Airbnb refused to answer anything for six days and refused to actually call me after four calls being told it would be handled. The woman who booked never complained once while the guys were partying and staying at my house. I called her out for her fiancé’s group leaving bags of trash everywhere and food out and she denied everything.

I sent pictures to Airbnb and they refused to do anything to help. Just patronizing messages from someone who hides their name and refuses to actually talk. I don’t think anyone who didn’t actually step into one of my rentals should be able to post a review. I based my acceptance of her reservation request on her five stars but she never stayed at my house. Her review is probably full of more lies and I have six days to get it taken down. I realize I can respond to get bogus review but it will ruin this beautiful blew listing.

I have eight Airbnb properties and have never been treated so unprofessionally. This policy must be changed. If an instant booking is based on a person’s reviews and likability then they should be staying at the listed house. This woman from California is just lying her way through the Airbnb system. I need corporate’s involvement. I can’t get through to anyone higher up to help after so many calls.

Airbnb Hell for the Poor Person Renting Property

I had a few nice tenants to begin with. I thought they would all be nice, but then I had one lot who complained about everything: “the sheets were smelly, the room smelt, and the dishes weren’t washed.” They left.

Meanwhile I was left with a big cleaning bill, a steam cleaning bill for carpets, and with a person who lied about my place on Airbnb.

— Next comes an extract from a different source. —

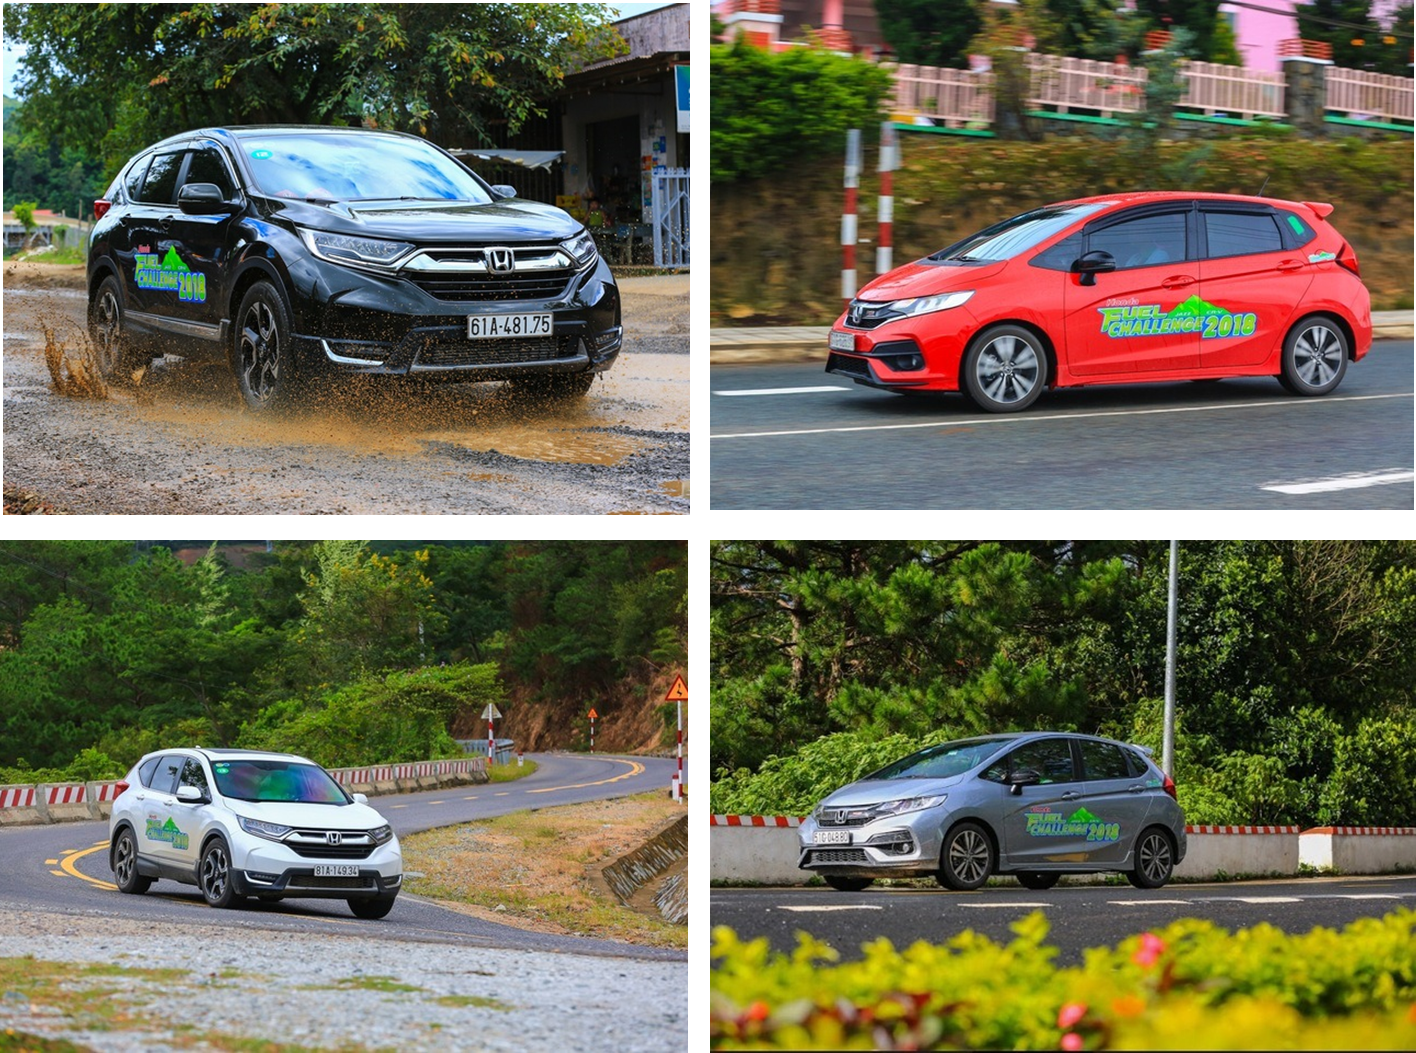 Honda Fuel Challenge 2018, Thử thách nhiên liệu cùng Honda, mức tiêu thụ nhiên liệu Honda CR-V, mức tiêu thụ nhiên liệu Honda Jazz

Now how does that sit with a person who has, with her cleaner, spent six hours cleaning and preparing a nice place, buying extras to make them feel at home while the guests prance off and leave another cleaning bill for me after one night?

“Okay,” I thought to myself, “What happens now?” Are her lies going to be plastered on Airbnb without finding out first what the real deal was? I bet your bottom dollar that is how it went over. I am now out of money and tired. Now my head is thinking – what will happen when the next lot of people arrive? Will they read the liar’s story and perform the same ritual?

I was so right in my thinking. They said exactly the same things that the previous liars said and now I will be out more money.

Thinking of being an Airbnb host? These last lot brought their cat… need I say more? I am very tired and very heartsick that a big company such as Airbnb allows renters to tell lies, believes them without asking any questions, and takes money from us poor suckers. Am I alone in this horror story? Obviously not! Will I continue to be a host? You be the judge.

Can I ring Airbnb or even email them with my side of the story? I have tried both; I emailed at midnight and I was told to wait 1-2 minutes. Meanwhile, hours later, I fell asleep only to wake up and find that they had closed me down and didn’t wish to continue with my case.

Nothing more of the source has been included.